= Stewart Purvis =

British broadcaster, executive, author and academic

Stewart Peter Purvis CBE is a British broadcaster, broadcasting executive, author and academic.

Purvis is married with three children.

==Education==
Purvis was educated at Southville School, a state primary in Feltham, West London then Dulwich College, an independent school for boys in Dulwich in South London. He graduated with a BA in Politics from the University of Exeter.

== TV Journalism ==
Stewart's media career began as a local radio reporter, a regional television presenter and a Sunday tabloid freelance while still at university. He was then chosen as one of the BBC's first three News Trainees in 1969. He moved to ITN in 1972 where he went on to win Royal Television Society awards for news and documentaries, two BAFTA awards as Editor of Channel Four News and also collected a TV Times award and even an ‘Office Building of the Year’ award for ITN’s Norman Foster -designed headquarters in Gray's Inn Road, London.

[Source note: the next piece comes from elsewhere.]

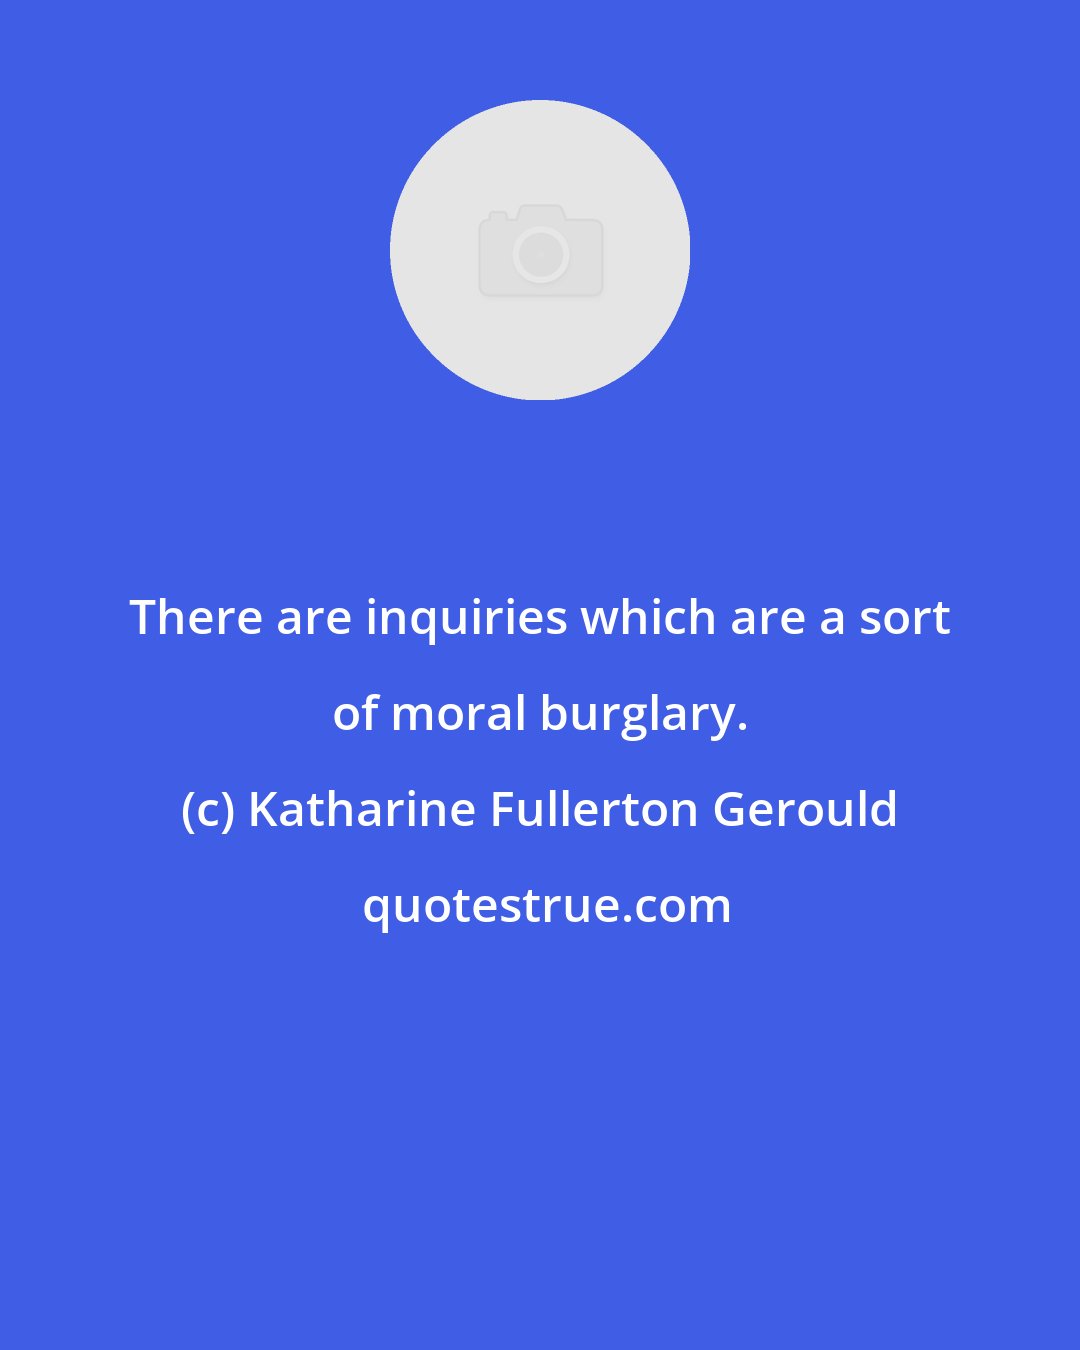 Katharine Fullerton Gerould: There are inquiries which are a sort of moral burglary.

Purvis became the third editor of ITN's Channel 4 News in 1983 after a troubled launch and is generally credited with creating the programme in its current ethos.

While editing Channel Four News he also produced a 1985–86 TV project with the Prince and Princess of Wales. ‘Talking Personally’ was one of the top ten most-watched programmes of 1985 and the two-part documentary ‘In Private, In Public’ was watched by 18.45 million, putting it into the top five programmes of 1986.

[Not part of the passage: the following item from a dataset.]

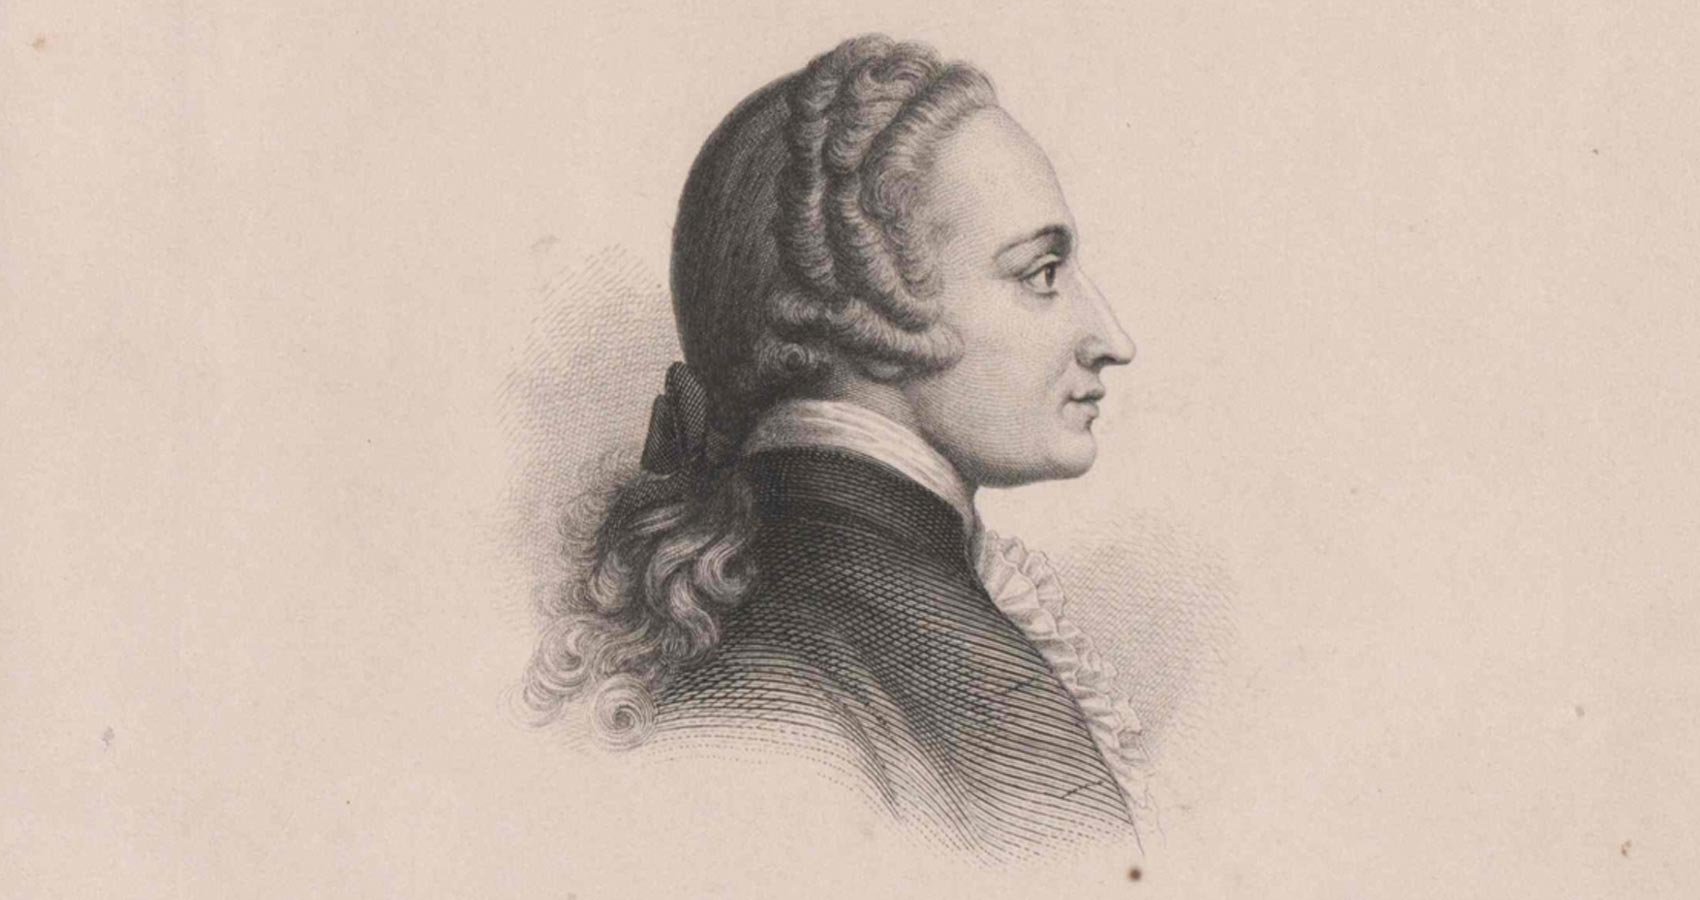 Johann Wolfgang von Goethe: A Writer of the First Rank, article by Satis Shroff at Spillwords.com

In December 1992 he broke the story of the separation of the Prince and Princess on the ITV Lunchtime News, before the announcement later that day by Prime Minister John Major.

In 1987 Purvis was promoted to Editor of ITN and subsequently its chief executive and editor-in-chief. During his time heading ITN he was also president of the international news channel, EuroNews, based in Lyon, France. He helped to launch EuroNews into Russia as the country’s first news channel in Russian on terrestrial television

After ITN’s successful coverage of the 2003 Iraq War, Purvis retired from the company after 31 years and began a career in academia. In November 2007 Purvis became Content and Standards Partner at the UK regulator OFCOM, effectively the regulator of UK broadcast content, responsible for the implementation of the Ofcom Broadcast Code and other broadcasting regulation, a position he held until 2010.

He also chaired the UK Government’s Media Literacy Working Group and was one of the founders of the online academic resource Newsfilm Online. He was on the panel set up by the BBC Governors to report on the BBC’s coverage of the Israel-Palestinian conflict in 2006.

In 2000 he was made a CBE for services to broadcast journalism, in 2005 he was made an Honorary Doctor of Law by Exeter University and in 2009 he received the Royal Television Society’s Gold Medal for an outstanding contribution to television. He has also been a Specialist Advisor to the House of Lords Select Committee on Communications.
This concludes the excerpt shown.